Running the workflow on the UI will show you the output of each step with the logs and intermediate metadata as the below screenshot shows.

Enhancements

The workflow presented is intentionally simple, but it can be extended in several ways to improve reliability, flexibility, and operational maturity without significantly increasing complexity.
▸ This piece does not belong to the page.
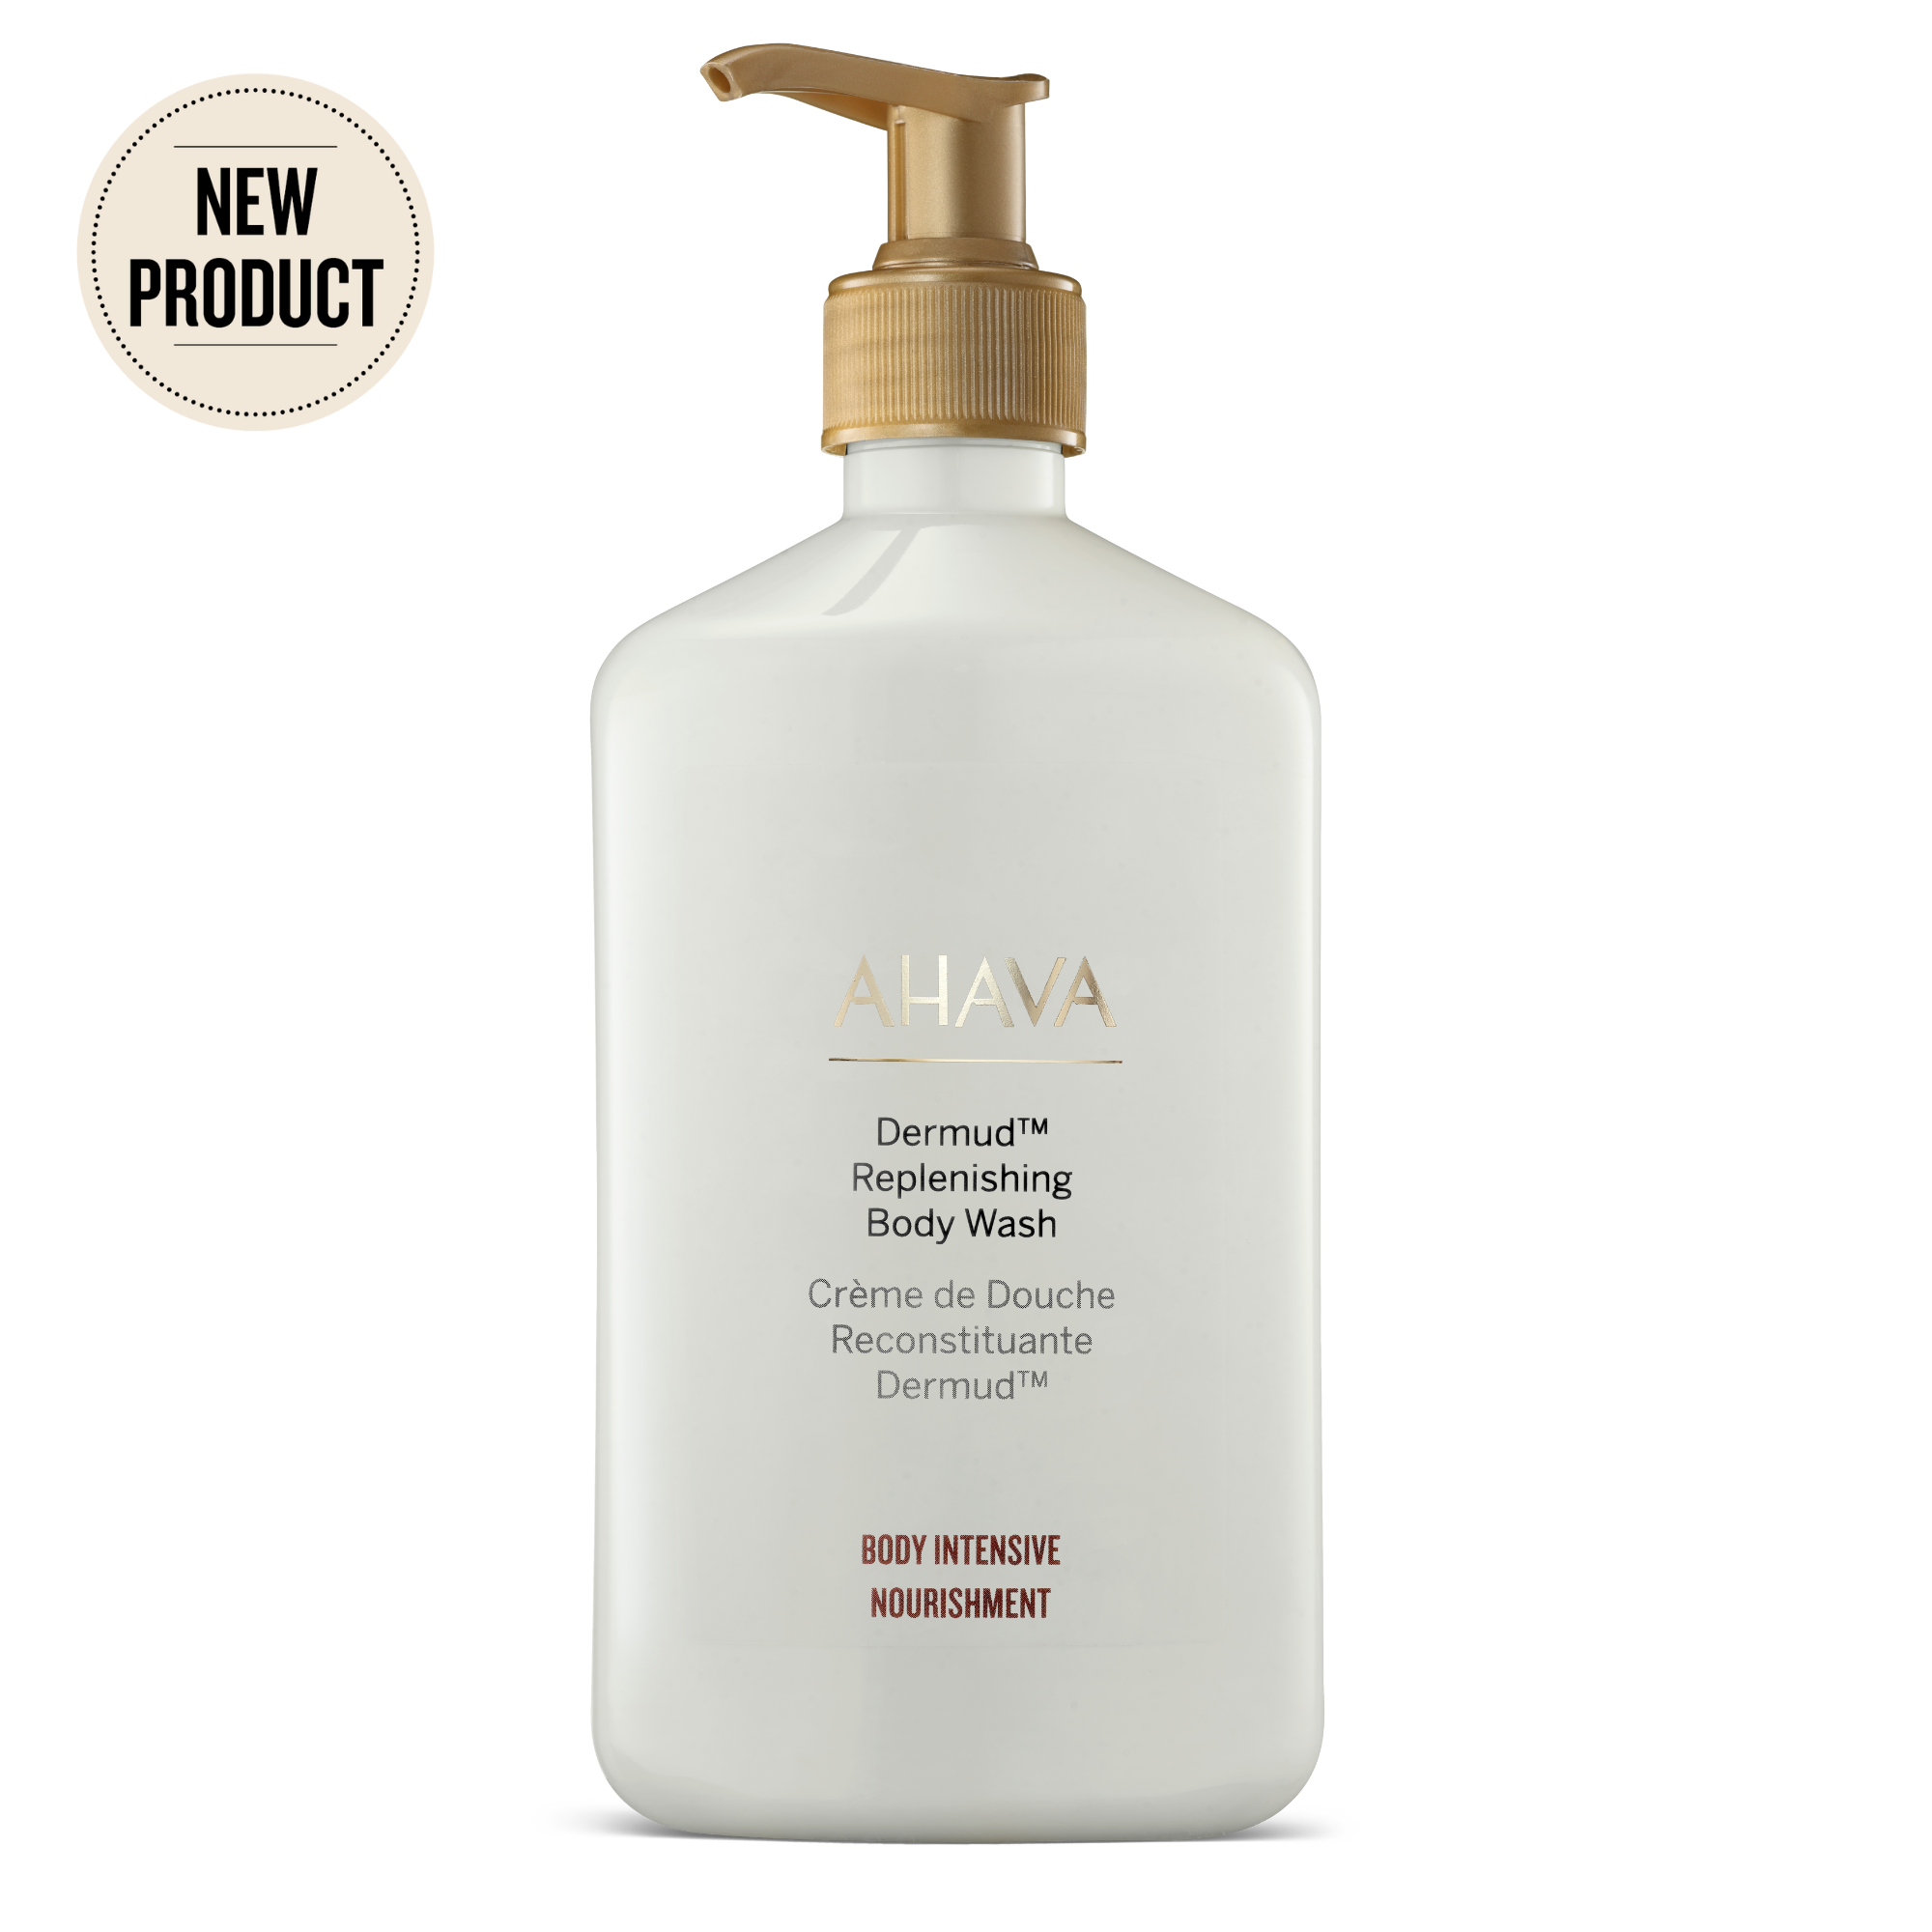 AHAVA® Dermud – USA Nourishing AHAVA Body Cream

Reliability and Operations

Argo provides several built-in controls to improve stability and cluster hygiene:

  • TTL strategy (ttlStrategy) Automatically clean up completed workflows after a defined period:
ttlStrategy:
  secondsAfterCompletion: 86400  # 24 hours
  • Pod cleanup (podGC) Remove completed pods to reduce resource usage:
podGC:  
  strategy: OnWorkflowCompletion
  • Execution limits (activeDeadlineSeconds) Prevent workflows from running indefinitely:
activeDeadlineSeconds: 1800  # 30 minutes
  • Parallelism control (parallelism) Limit concurrent tasks to avoid overwhelming external systems:
parallelism: 3

Notifications and Outcomes

Currently, notifications are only sent on success. This can be extended to cover all outcomes:

  • Exit handler (onExit) Run a step regardless of success or failure:
onExit: notify-exit

Inside the exit template, you can branch based on status:

{{workflow.status}}
  • Richer Amazon SNS payloads Include additional context such as workflow ID or duration:
MSG='{
  "workflow": "{{workflow.name}}",
  "status": "{{workflow.status}}",
  "uid": "{{workflow.uid}}"
}'

Security and Configuration

To improve security and avoid hardcoding sensitive values:

  • Externalized parameters Pass values at submission time instead of embedding them:
argo submit workflow.yaml -p snsTopicArn=<YOUR_TOPIC_ARN>
  • IAM roles (IRSA) On AWS (EKS), use a service account with an IAM role instead of storing credentials in secrets.

Flexibility and Reuse

To make the workflow reusable across different scenarios:

  • Workflow templates (WorkflowTemplate) Extract reusable logic:
kind: WorkflowTemplate

Then reference it:

workflowTemplateRef:  
  name: my-template
  • Parameterization Make values configurable:
parameters:
  - name: baseUrl
  - name: s3Bucket
  - name: awsRegion

Observability

Improve visibility into execution and debugging:

  • Log archiving
archiveLogs: true
  • Metrics (template-level)
metrics:
  prometheus:
    - name: workflow_success
      help: "Workflow success count"
      when: "{{status}} == Succeeded"

Conclusion

Argo Workflows provides a simple yet powerful way to orchestrate multi-step processes directly on Kubernetes. By combining parallel execution, retry handling, result aggregation, and integrations with services like Amazon S3 and SNS, it enables you to model complex workflows in a clear and declarative way.

While the example in this article is intentionally simple, the same patterns can be extended to support more advanced, production-grade use cases with minimal changes.